In our particular case, the issue was in the middleware of our web API. This meant the exception wasn't technically "unhandled" - a lower level of the middleware was already catching the exception and turning it into a 500 response. It just wasn't getting logged.

Pretty much all web API frameworks provide ways for you to hook into unhandled exceptions, and perform your own custom logic. ASP.NET Core has exception middleware that you can customize, and the previous ASP.NET MVC allows you to implement a custom IExceptionHandler or IExceptionLogger. Make sure you know how to do this for the web framework you're using.

Long-running threads

Another place where logging can be forgotten is in a long-running thread such as a message pump, that's reading messages from a queue and processing them. In this scenario, you probably have an exception handler around the handling of each message, but additionally you need to log any exceptions at the pump level - e.g. if it loses connection to the message broker, you don't want to die silently and end up no longer processing messages.

In this next sample, we've remembered to log exceptions handling a message, but not exceptions fetching the next message.

while(true)
{
    // don't forget to handle exception that happen here too!
    var message = FetchNextMessage(); 
    try
    {
        Handle(message);
    }
    catch(Exception ex)
    {
        logger.Error(ex, "Failed to handle message");
        // don't throw, we want to keep processing messages
    }
}

You might already have this

Of course, some programming frameworks and hosting platforms have good out-of-the box logging baked in, which saves you the effort of writing this yourself.
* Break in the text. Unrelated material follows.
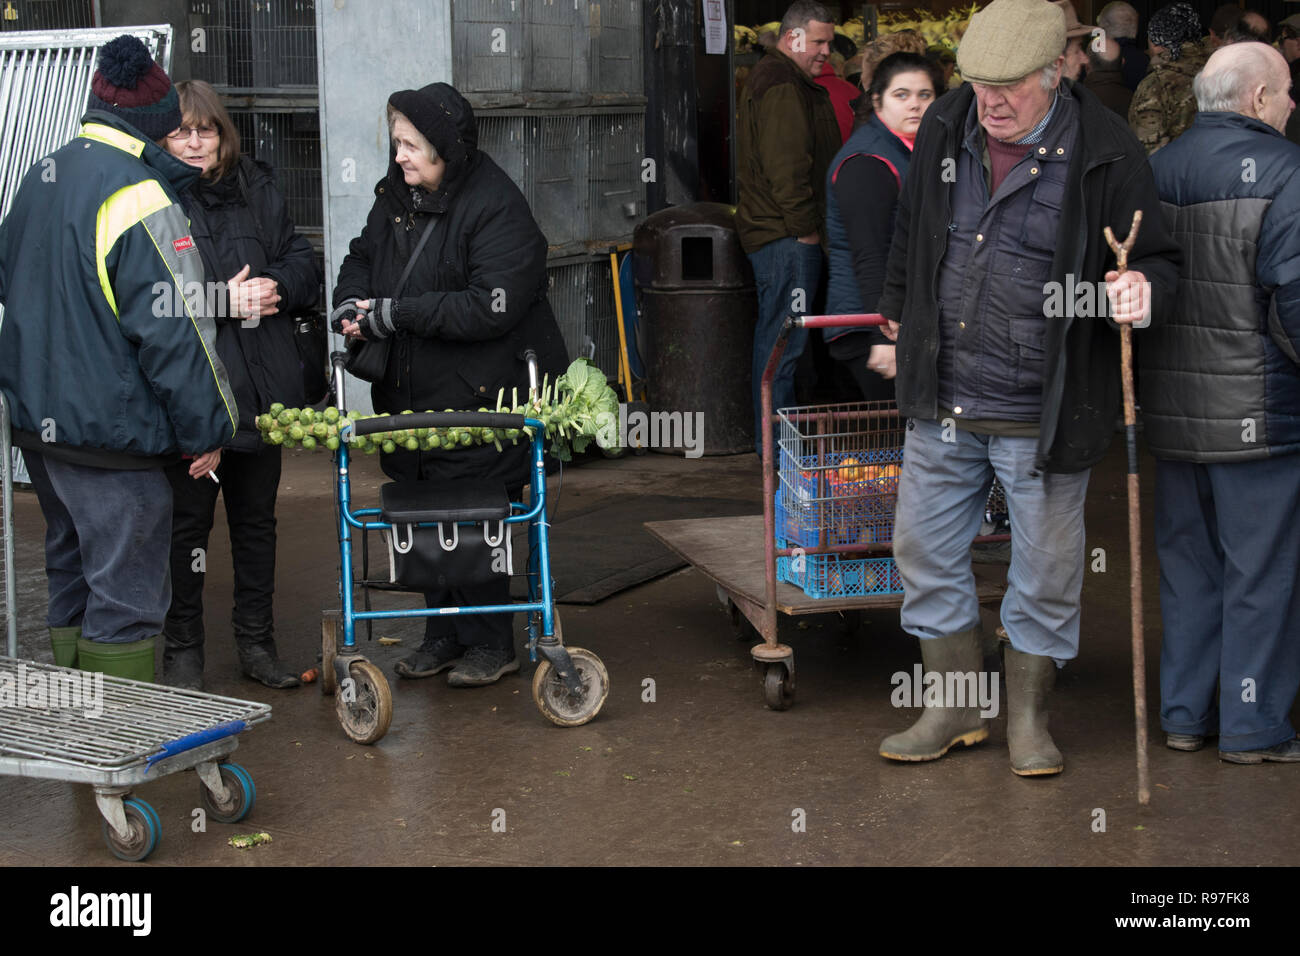 Pauvreté rurale Royaume-Uni. Brussel germe sur un marché de Noël de tige de bâton Norfolk Angleterre. HOMER SYKES des années 2018 2010. Banque D'Images

But it is worth double-checking that you have sufficient logging of all exceptions at whatever point they are thrown. An easy way to do this is to just throw a few deliberate exceptions in various places in your code (e.g. MVC controller constructor, middleware, application startup, etc), and double-check that they find their way into the logs. You'll be glad you did so when something weird happens in production.

In a world of microservices, observability is more critical than ever, and ensuring that all exceptions are adequately logged is a small time investment that can pay big dividends.

Comments

Comment by Marc Roussy

I was working on a similar problem this week - having detailed logs was the only way I could figure out what was happening as well. To avoid overpolluting the logs I tend to set the default log level to Information, which gives me a basic idea of what is happening in the application. But I'll add Debug() calls with extra details where it's appropriate. Then it's just a matter of increasing the log level to Debug and I can dig in to the problem.

Marc Roussy